Phytoplankton to the rescue?

In a press release yesterday, ocean restoration firm Planktos, Inc. announced what it claims to be a truly green and effective answer to global warming and ocean decline.

The company will initiate commercial scale pilot projects this summer to demonstrate that marine plankton restoration can significantly lower atmospheric CO2, increase oxygen production, lessen coral-lethal ocean acidity, replenish the marine food chain and generate enough profits in the process to sustain the endeavour until the corner is turned.

Recent doom-drenched global warming headlines show the media and public are finally awakening to the enormous harm climate change can and will inflict upon our societies and countless creatures on our earth. However, the greatest and most immediate CO2 peril now facing the planet is the systemic poisoning of the seas.

The atmosphere’s increasing carbon dioxide burden are now acidifying the ocean, slowing oxygen production, and starving innumerable species.

Although Earth Day ceremonies will highlight much important progress in recycling, hybrids, and lists of “50 simple things,” no one has yet advanced truly viable policies, safe technologies or even realistic plans to effectively address either our marine or terrestrial threats, let alone both at once. No one, that is, until Planktos, Inc. stood up.

The Planktos approach aligns five little-known facts that chart a hopeful new course for green activism and investment.

1)Marine phytoplankton are the lifeblood of the planet, producing most of its oxygen, removing an equal amount of CO2, and feeding all larger ocean life. Yet NASA scientists have now found that 6~9% of these tiny plants have died off globally just since 1980 and their numbers continue to plunge. (The loss in the North Pacific is already up to 26%.)

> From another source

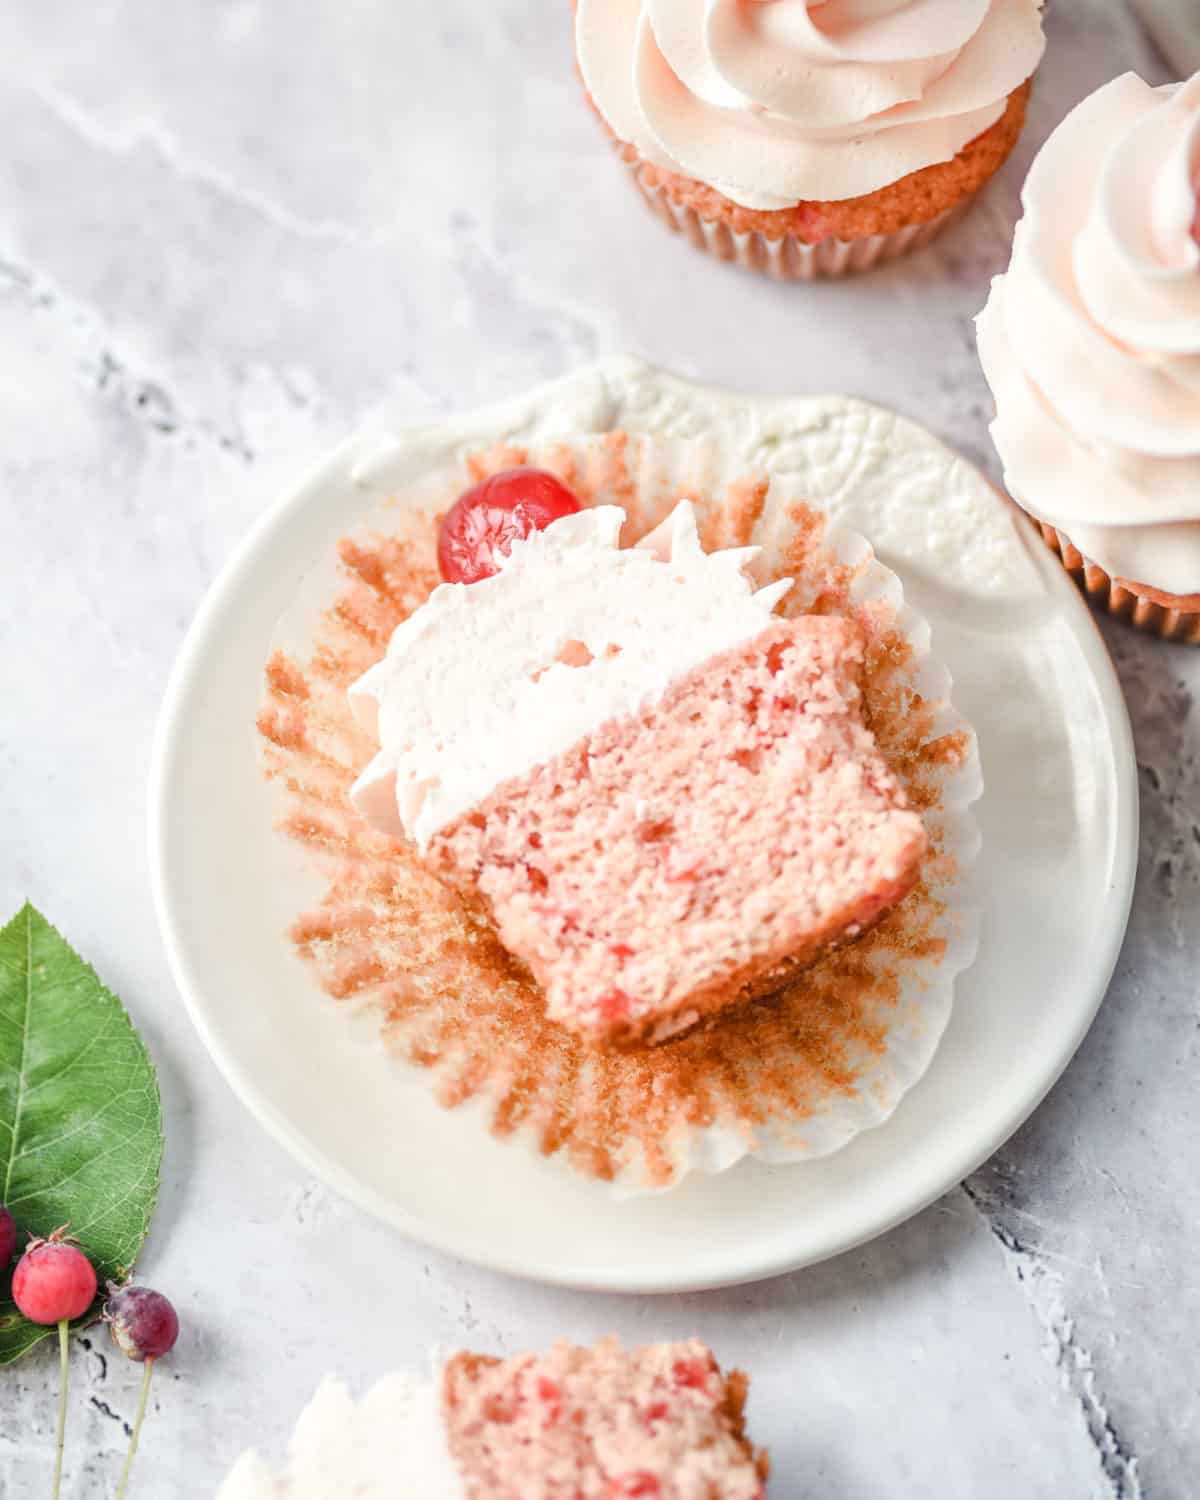 Overhead shot of a cupcake sliced in half showing its inside.

2)NASA also reports that atmospheric dust from arid lands and ocean dust deposition have fallen over 25% during the same period. This is critical because plankton desperately require that dust, which carries the vital iron micronutrient they need to photosynthesise and grow; and blue ocean plankton get it no other way.

3)Simply restoring the plankton that have died off since 1980 by replenishing this iron would take 3 billion tons of CO2 out of the atmosphere, which equals half of our greenhouse gas emissions worldwide. It would also buffer ocean acidity and contribute many billion tons of nourishing biomass to the marine food chain helping to revive our fisheries, many endangered sea mammal & bird species, and the great whale populations as well.

4)In otherwise nutrient-rich but iron starved waters (like the southern ocean and equatorial seas), adding one ton of iron will fix 367,000 tons of CO2 in a plankton bloom that grows and subsides in three to four months. Since at least 10~20% of that plankton carbon sinks and is removed from the atmosphere for centuries or longer, we could halve our modern impact on the climate — and the sea — with a modest fleet of iron dust delivery boats.

5)Planktos has proven technology to produce this effect, and the carbon that is thereby “sequestered” in the ocean deep can be sold in the emerging international carbon offset markets to profitably finance the ocean restoration effort.

In other words, replenishing perishing plankton with inexpensive iron micronutrient dust can radically help to revive sea life, protect coral, increase oxygen, and turn climate change around. And rather than costing the public exchequer billions of dollars, it can be run as a green business and make money for those who help.